**Dataset excerpt**.
▽
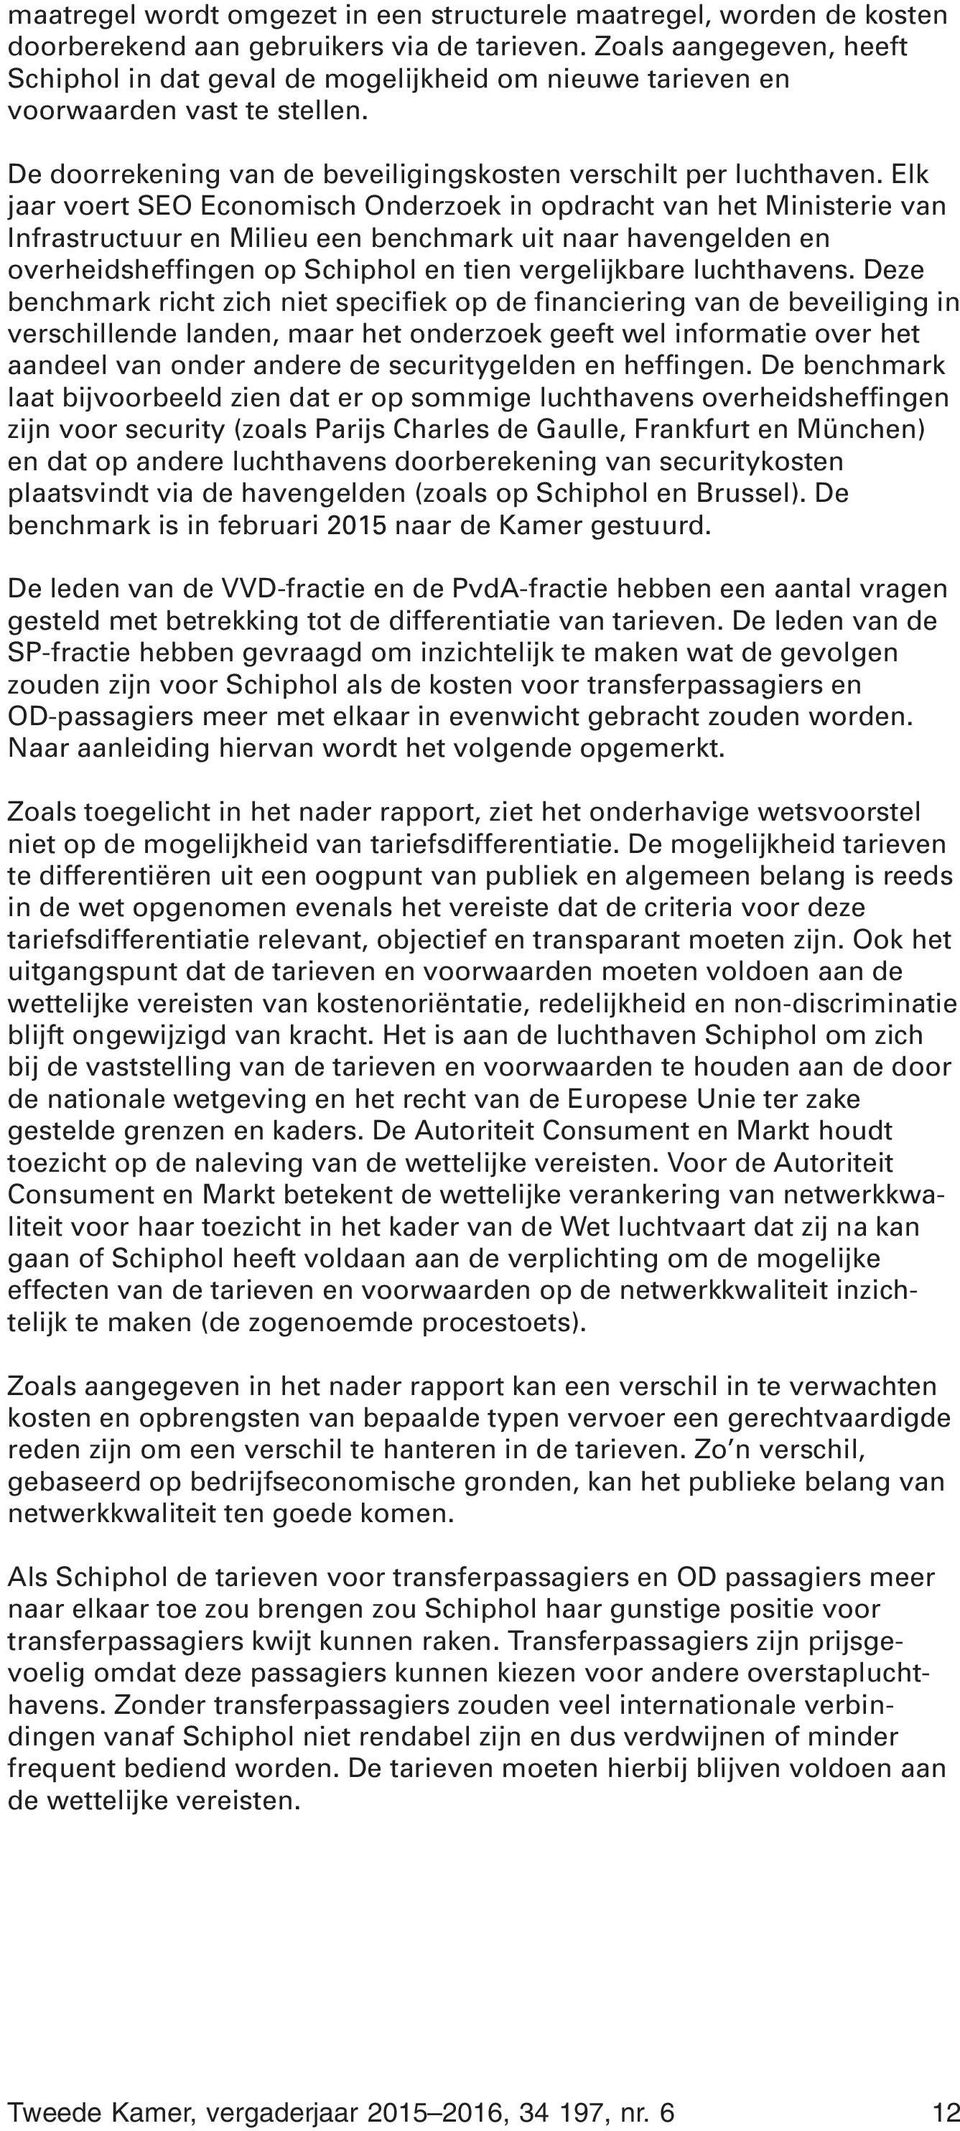 Elk jaar voert SEO Economisch Onderzoek in opdracht van het Ministerie van Infrastructuur en Milieu een benchmark uit naar havengelden en overheidsheffingen op Schiphol en tien vergelijkbare
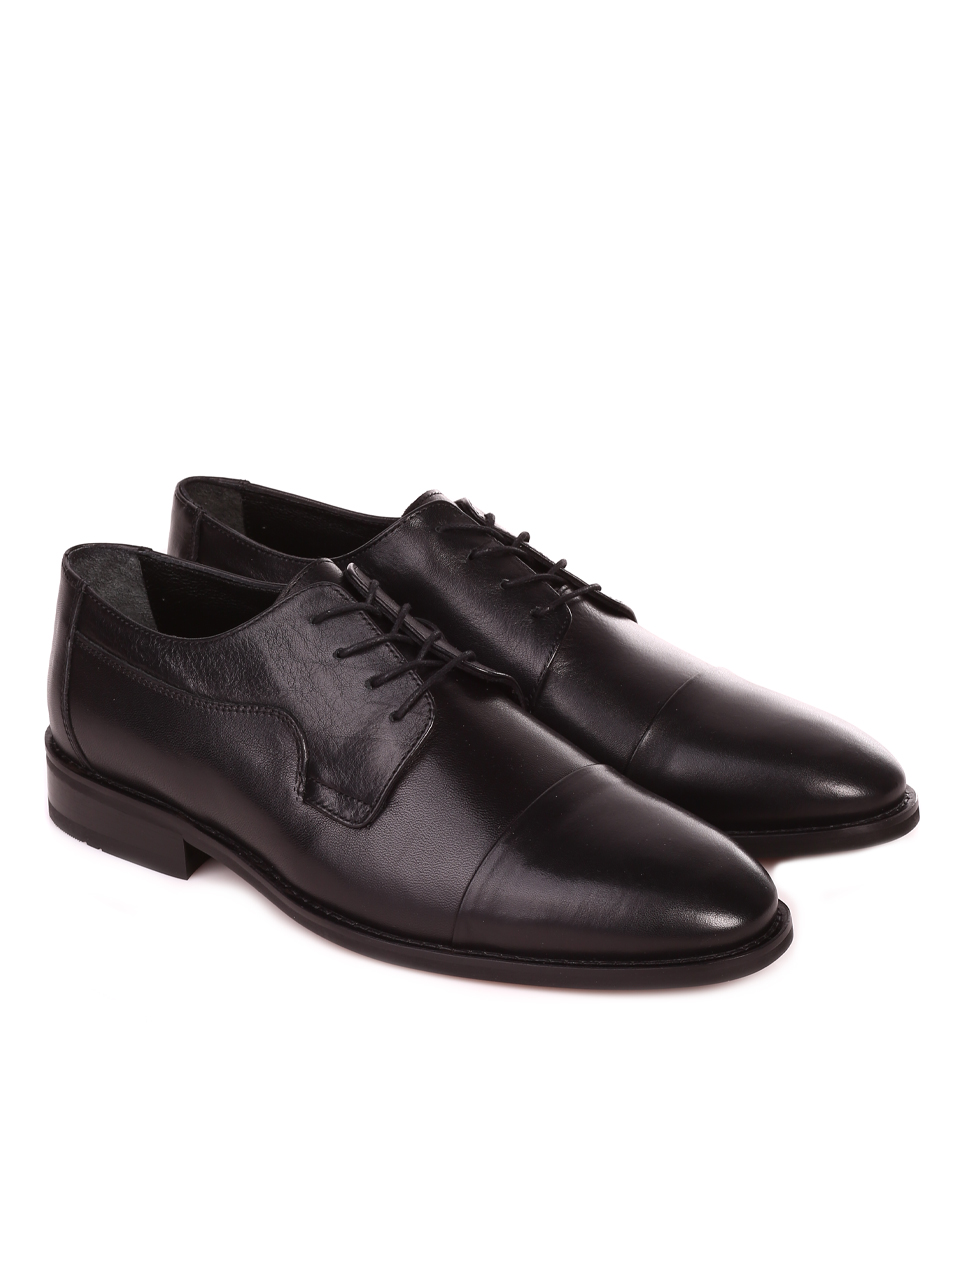 Елегантни мъжки обувки от естествена кожа 7AT-23312 black
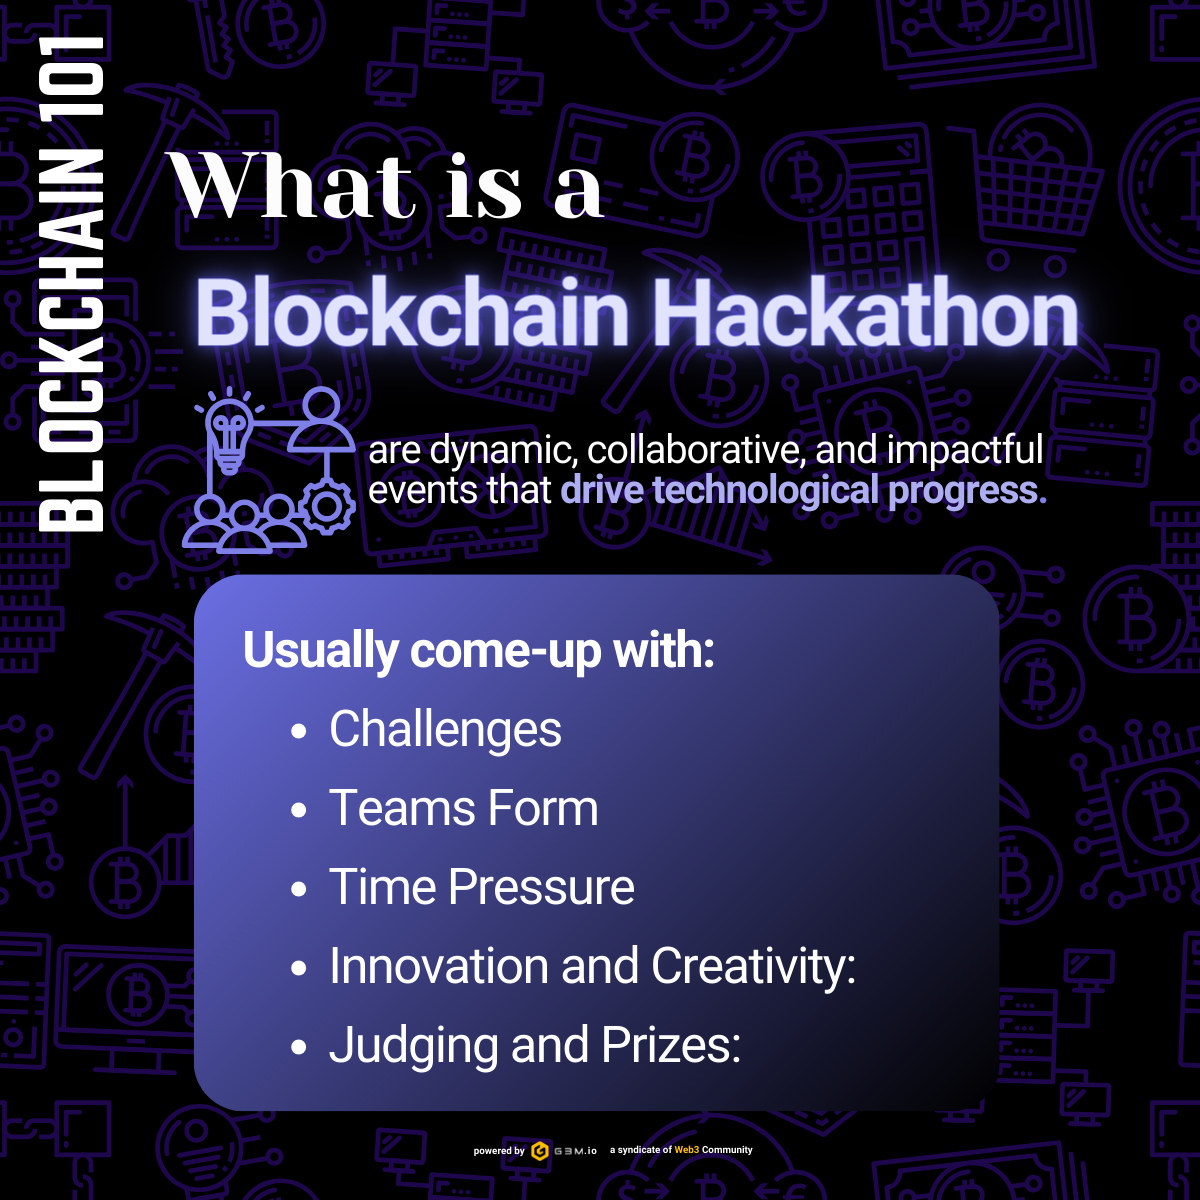 What Is a Blockchain Hackathon?
△
Every line of the listing should be copied precisely, with images omitted.

**Your solution**.
 Elk jaar voert SEO Economisch Onderzoek in opdracht van het Ministerie van Infrastructuur en Milieu een benchmark uit naar havengelden en overheidsheffingen op Schiphol en tien vergelijkbare
 Елегантни мъжки обувки от естествена кожа 7AT-23312 black
 What Is a Blockchain Hackathon?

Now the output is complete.